“Scarlett Johannson Röportajı”

Oscarlı yönetmen Cameron Crowe’un filmi DÜŞLER BAHÇESİ’nde Scarlett Johansson’ı Matt Damon’ın canlandırdığı Benjamin Mee karakterinin hayvanat bahçesindeki bakıcı Kelly rolünde izliyoruz. Kelly, eşini kaybeden iki çocuk babası Ben ile yakın bir ilişki kuruyor. Hayata dair iyi hissettiren filmler arasında sayabileceğimiz film dram, duygu ve komediyi çok iyi bir oranda birleştiren bir hikayeye sahip. Kapanmış bir hayvanat bahçesini alan Benjamin, bu yatırımının ailesi için anlamını zamanla farkederken hayatları da bu olayla beraber başka bir yöne kayacaktır.
Risk alma, imkansız gibi görünen zorluklarla mücadele etmeye dair sıcak bir hikaye.
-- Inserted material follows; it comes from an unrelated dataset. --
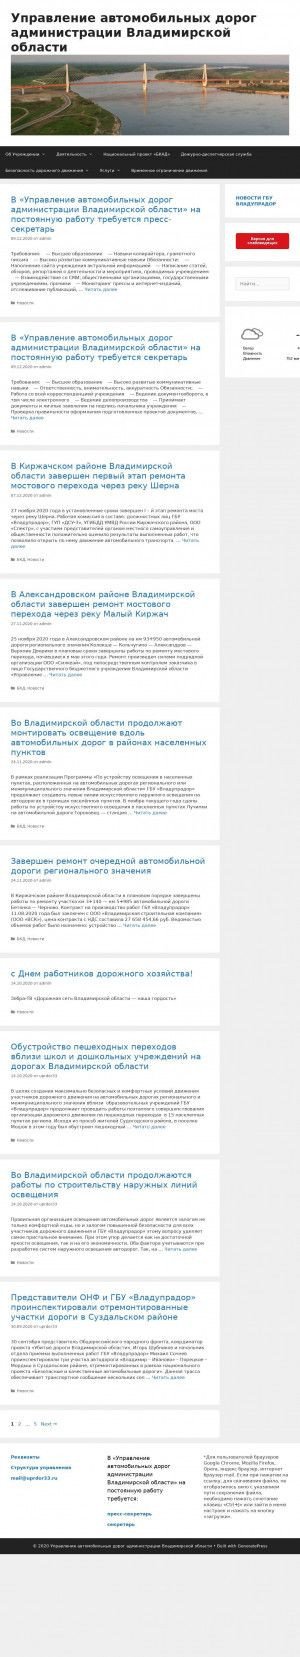 Предпросмотр для uprdor33.ru — Управление Автомобильных Дорог Администрации Владимирской области

Üstelik aynı ismi taşıyan Benjamin Mee’nin gerçek hayat hikayesinden ve kitabından uyarlama.

KAPLANLAR, AYILAR, MAYMUNLAR VE YILANLAR: ROSEMOOR HAYVAN PARKI SÜREKLI BAKIM VE DİKKAT İSTEYEN BİR YER.
SCARLETT JOHANSSON TÜM BU DURUMU KENDI KANATLARI ALTINA ALIYOR VE HAYVANAT BAHÇESİ BAKICISI ROLÜNÜ ANLATIYOR.


Elaine Lipworth

SCARLETT JOHANSSON

Cameron Crowe’un umut verici yeni filmi DÜŞLER BAHÇESİ’nde Scarlett Johansson, Kelly Foster isimli işine düşkün ve tutkuyla bağlı bir hayvanat bahçesi bakıcısı rolünde karşımıza çıkıyor.

Benjamin Mee (Matt Damon) ailesiyl yeni bir başlangıç yapmak üzere Rosemoor Hayvan Park’ını alır. Karısı Katherine yakın zaman önce ölmüştür ve Ben de hem kendisi hem de çocukları için yeni bir yön aramaktadır. Terkedilmiş bir hayvanat bahçesini işletmek her ne kadar garip bir seçenek de olsa, Mee umduğundan da fazlasını üstlenir. Fakat bir hayali gerçekleştirmeye de kendisini adamıştır.  Fevri bir hayal olarak başlayan bu durum, biraz göz korkutan ve hayat değiştirici, heyecanlı, duygu yüklü ve beklediğinden de fazla değerli bir yolculuğa dönüşür. Seçili bir ekiple ve türlü maceralarla, aile hayvanat bahçesini eski şaşasına kavuşturur ve kendi yaralarını da kapatır.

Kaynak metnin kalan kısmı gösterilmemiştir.